• _INSTRUCTIONS FOR THE TASK_
Instruction for the entries that follow: retype exactly the lines from the line with "Ocean And Earth Owen" to the line with "Ellie looks out", both included, and omit all others.

Segment Start: DATA SUPPLIED

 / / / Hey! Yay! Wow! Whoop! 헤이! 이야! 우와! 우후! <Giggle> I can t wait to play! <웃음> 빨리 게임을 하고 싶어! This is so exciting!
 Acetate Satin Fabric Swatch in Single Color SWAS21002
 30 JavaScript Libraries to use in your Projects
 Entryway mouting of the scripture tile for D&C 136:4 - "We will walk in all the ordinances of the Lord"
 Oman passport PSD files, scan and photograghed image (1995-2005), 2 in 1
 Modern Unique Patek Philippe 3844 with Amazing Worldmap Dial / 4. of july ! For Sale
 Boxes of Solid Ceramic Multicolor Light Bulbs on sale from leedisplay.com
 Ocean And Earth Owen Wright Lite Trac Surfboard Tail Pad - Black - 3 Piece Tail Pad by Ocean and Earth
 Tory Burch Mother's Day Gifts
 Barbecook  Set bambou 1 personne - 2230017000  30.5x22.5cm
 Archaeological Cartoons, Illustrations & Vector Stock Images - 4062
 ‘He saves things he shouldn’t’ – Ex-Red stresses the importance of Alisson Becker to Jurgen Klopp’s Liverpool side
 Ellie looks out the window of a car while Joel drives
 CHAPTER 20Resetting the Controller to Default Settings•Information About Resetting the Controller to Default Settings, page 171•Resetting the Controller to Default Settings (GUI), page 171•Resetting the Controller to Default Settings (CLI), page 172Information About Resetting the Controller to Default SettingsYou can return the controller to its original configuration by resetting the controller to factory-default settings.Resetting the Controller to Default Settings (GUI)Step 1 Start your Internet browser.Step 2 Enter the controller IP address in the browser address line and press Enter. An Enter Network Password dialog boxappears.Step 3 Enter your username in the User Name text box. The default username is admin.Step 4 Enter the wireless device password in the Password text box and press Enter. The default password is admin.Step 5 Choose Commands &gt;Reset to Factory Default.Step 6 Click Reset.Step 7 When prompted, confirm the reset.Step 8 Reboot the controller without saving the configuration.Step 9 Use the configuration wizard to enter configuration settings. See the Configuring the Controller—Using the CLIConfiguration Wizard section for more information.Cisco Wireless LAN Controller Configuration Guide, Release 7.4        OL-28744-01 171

Segment End: DATA SUPPLIED

• _OUTPUT FOR THIS TASK_
 Ocean And Earth Owen Wright Lite Trac Surfboard Tail Pad - Black - 3 Piece Tail Pad by Ocean and Earth
 Tory Burch Mother's Day Gifts
 Barbecook  Set bambou 1 personne - 2230017000  30.5x22.5cm
 Archaeological Cartoons, Illustrations & Vector Stock Images - 4062
 ‘He saves things he shouldn’t’ – Ex-Red stresses the importance of Alisson Becker to Jurgen Klopp’s Liverpool side
 Ellie looks out the window of a car while Joel drives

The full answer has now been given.